Our answers to these kinds of questions frame where we are starting from in what “spiritual” means.
In a Christian context, it shapes what someone believes God to be like, how Jesus fits into that, whether there is such a thing as “spiritual warfare,” what answered prayer means, the extent of the intervention of spiritual forces (good or bad) into the material realm, and so on.
We know that different religions propose different answers to these questions. Christians are saying, in effect, that the Christian answers, broadly speaking, make the most sense to us, even if (a) Christians disagree on some of the detail, and (b) we will undoubtedly find, one day, that we have more of the detail wrong than we would like.
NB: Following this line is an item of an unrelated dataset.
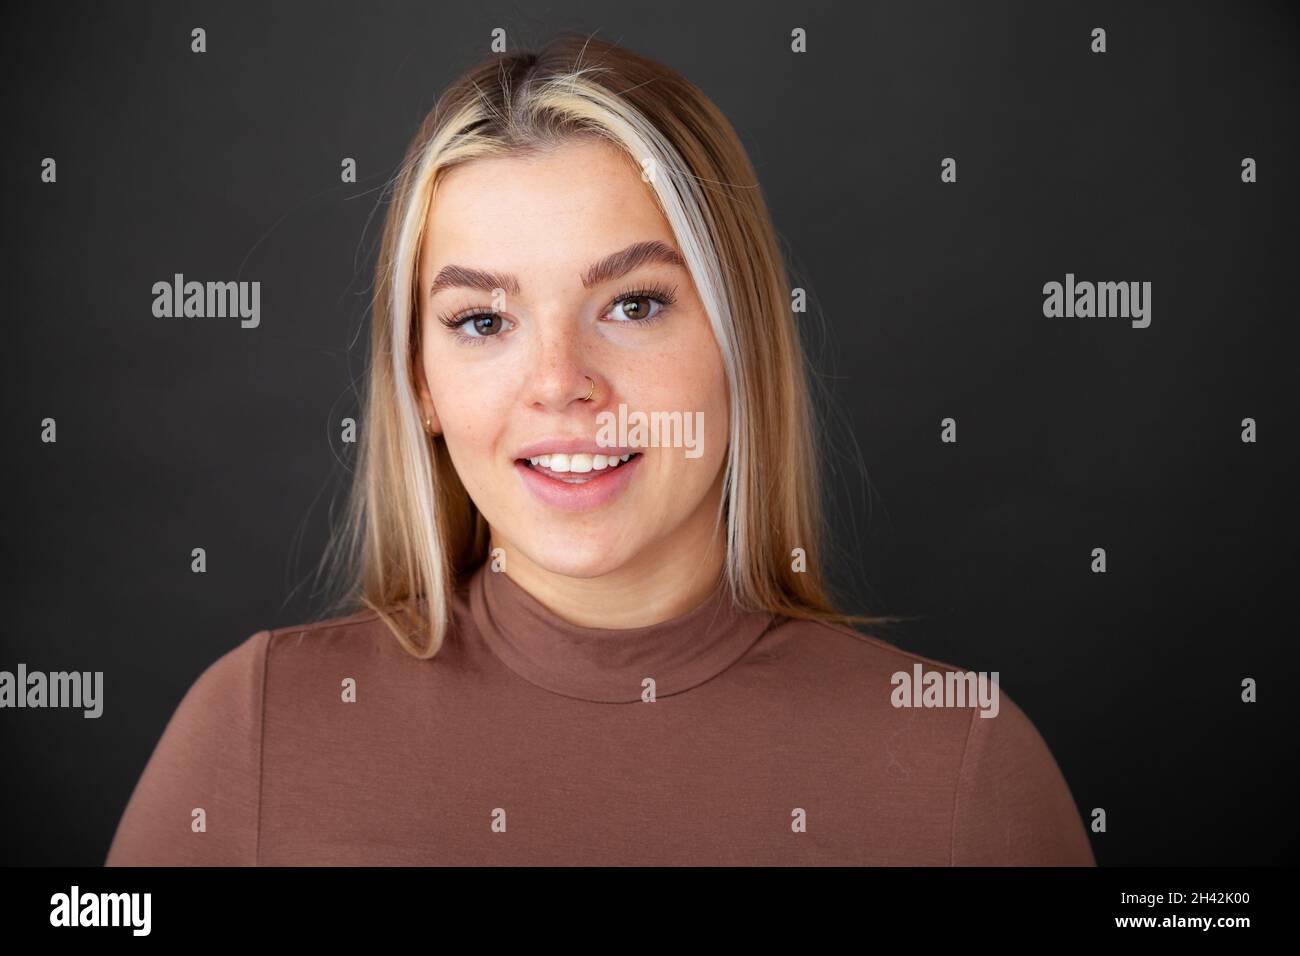 A beautiful young woman giving a toothy smile towards camera Stock Photo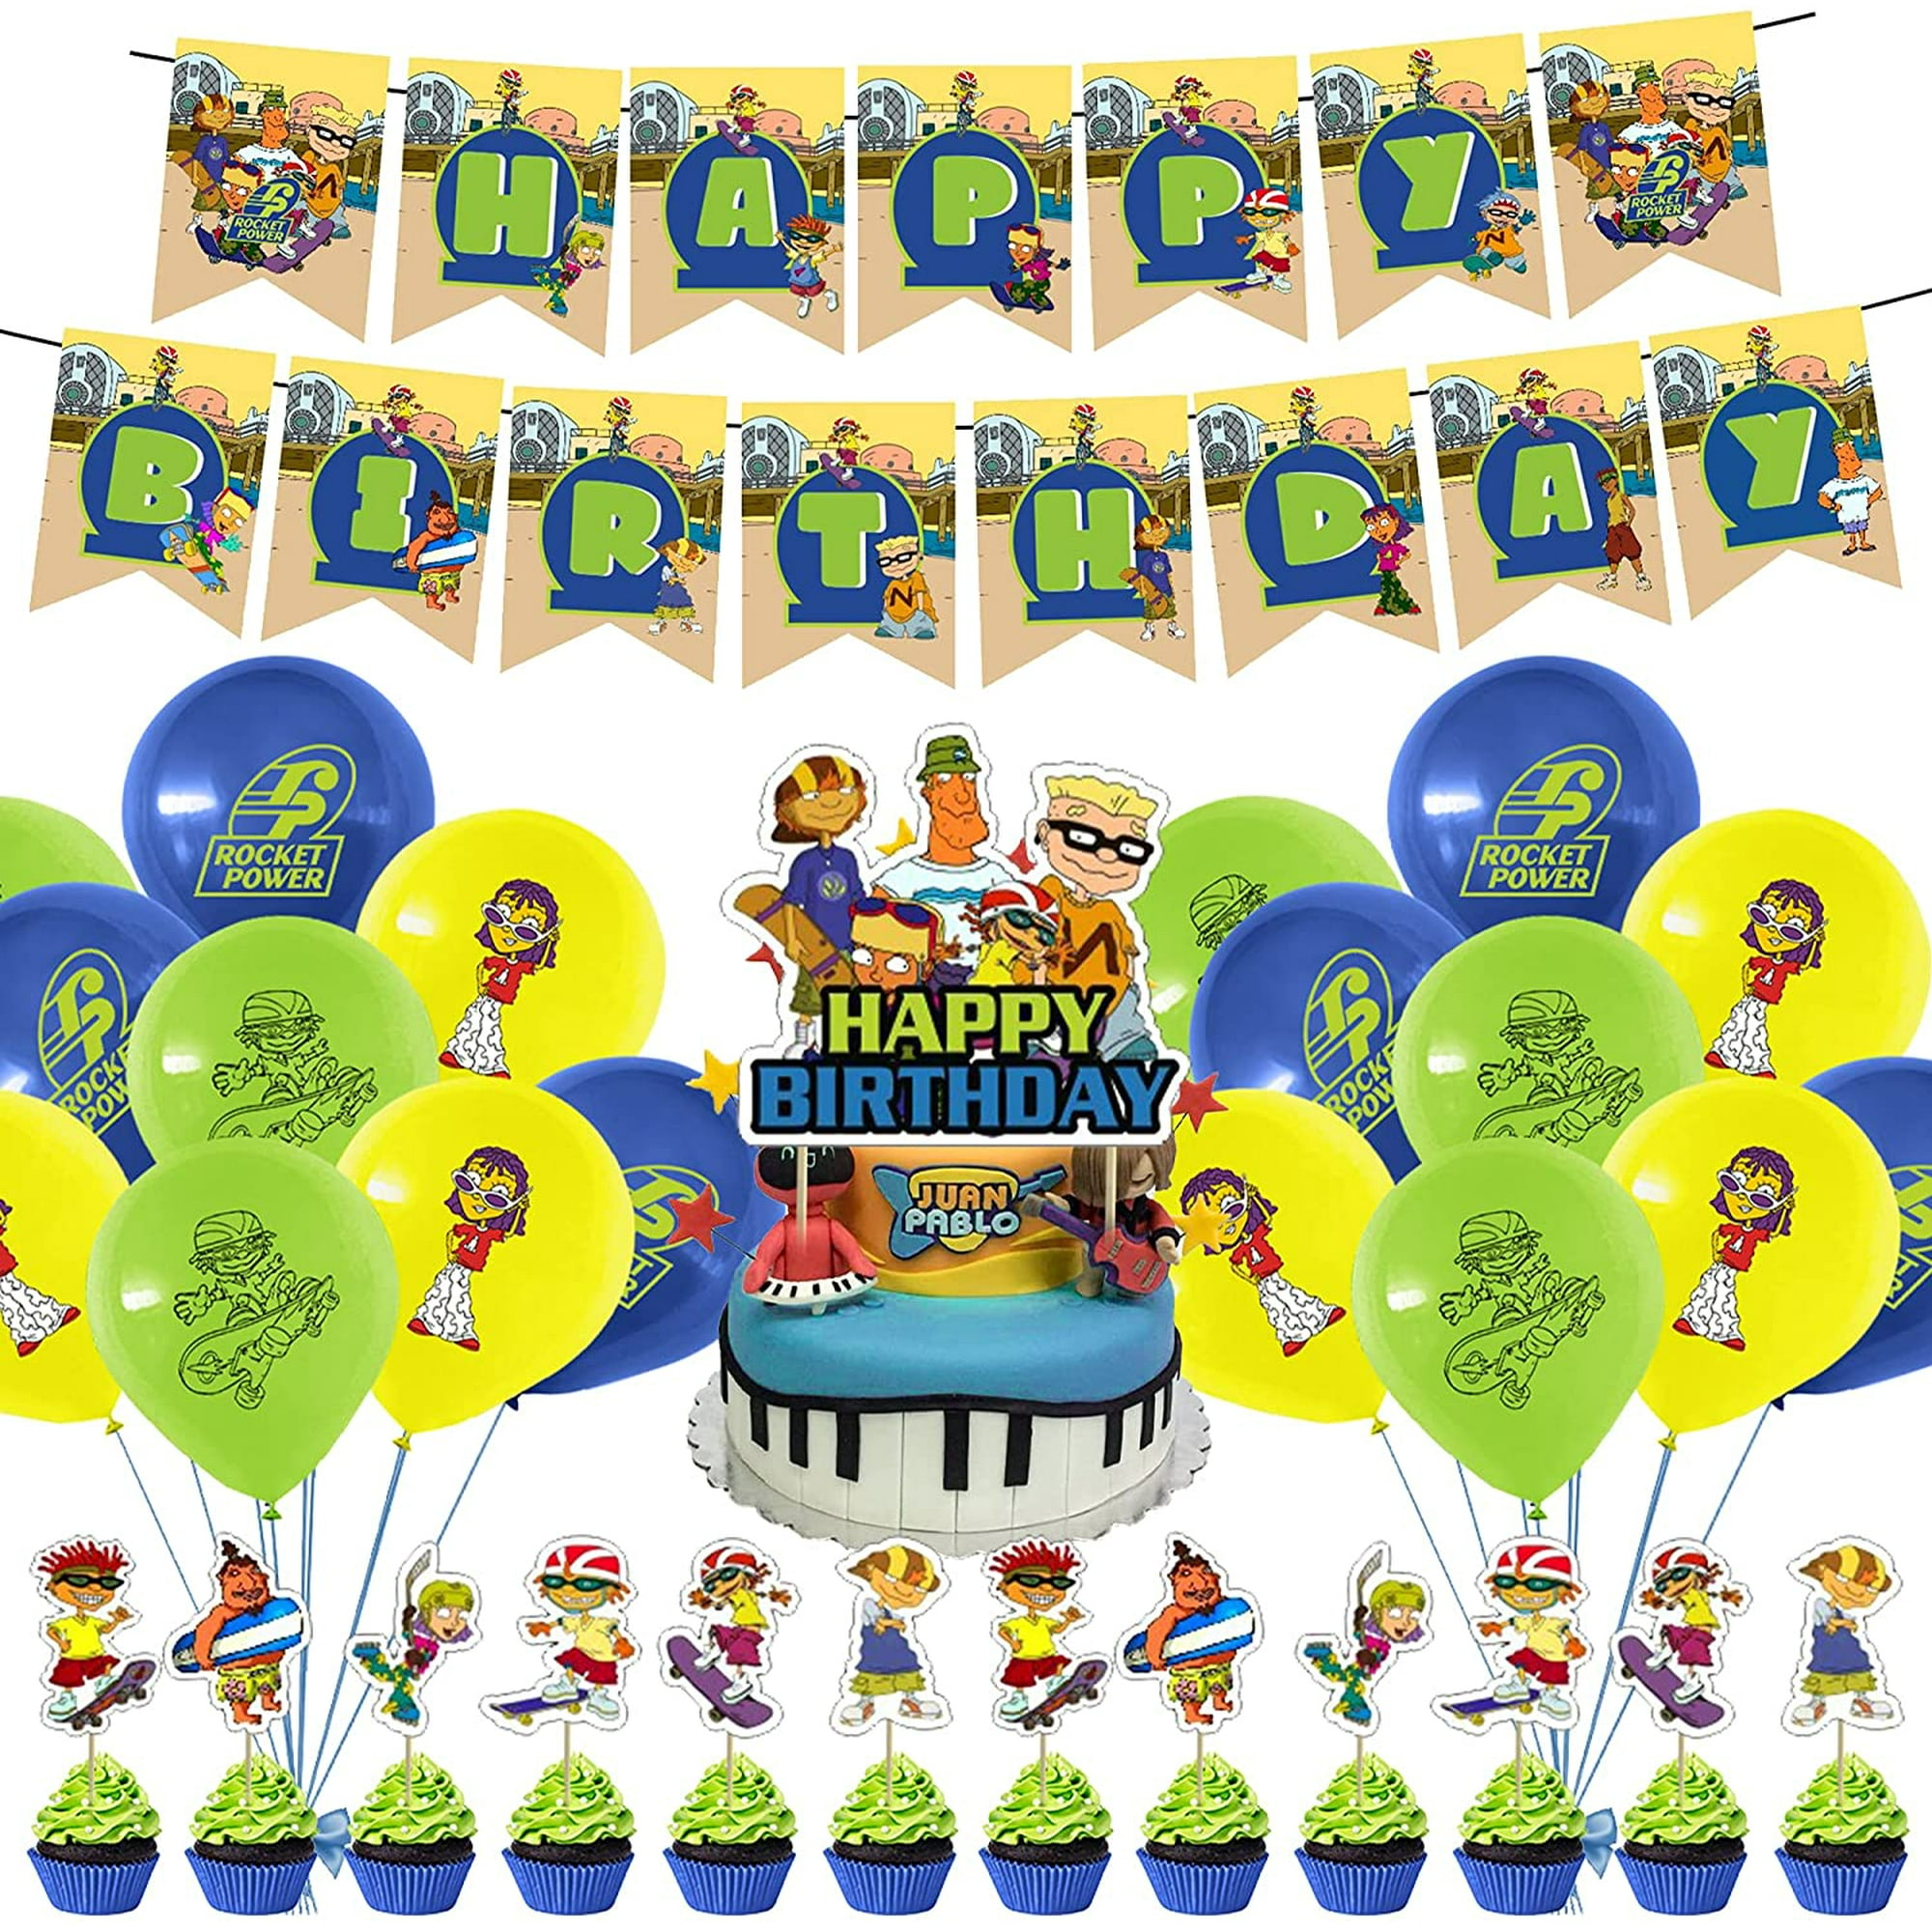 Rocket Power Party Decorations Set, Anime Cartoon Theme Birthday Supplies  Rocket Power Stickers Banner Balloons for Rocket Power Fans Party Supplies  Decor | Walmart Canada

Both are somewhat inevitable given human frailties, but we can only work with what we’ve got. That’s one good reason for Christians to focus on the “main and the plain” of their faith and be humble and non-dogmatic concerning secondary and tertiary matters.
Brian is undoubtedly right that our “spirituality” (our sense of a parallel spiritual realm existing alongside our own) cannot be left as a vague spirituality. If we sense that there is such a thing as a spiritual realm, we surely can’t just stop there; we should want to try to figure out what it might mean for us.
If that is the case, then “spiritual but not religious” may be less a fixed personal characteristic than the start of an important journey of exploration.
The existence of such a realm would not be a recent development; it would almost certainly precede the material realm; indeed, it may directly correspond to the origins of the material realm.
To close, a brief word on the role of sacred texts in informing “spirituality.”
For Christians, this means Scripture, and it reflects a revelation of God primarily by way of narrative (stories) within a big story of God and people. The divinely inspired goal for this Scripture is that we should understand God and know God. The zenith of the story is God entering into the world (into our human story) in the person of Jesus, beginning a transformation of us and our world that has begun but is yet to be completed (which the New Testament speaks of as a “Kingdom” of God, that many characterise as “already” but also “not yet”).
The challenge is, of course, how to understand the nature of Scripture (what “inspired” looks like in practice), what it’s for, what we are to learn from it, and how we are to apply it.
Why is the notion of Scripture so important? Because otherwise all we have to go on is what science can tell us (which at this point in the human journey is not much) and personal experience (which is patently unreliable).
This is where there is so much need for what Brian labels substantive theology, though of course, it needs to be good theology as well—a major challenge in itself! And yes, it does depend on what we mean by “good.”
For Christians, I suggest the three most important foundational theological questions are (1) what is God like (as a person, in his nature and character), leading to (2) what does he desire both for us and from us (his plans and purposes), and (3) what is the nature of Scripture and its divinely designed role in answering those questions?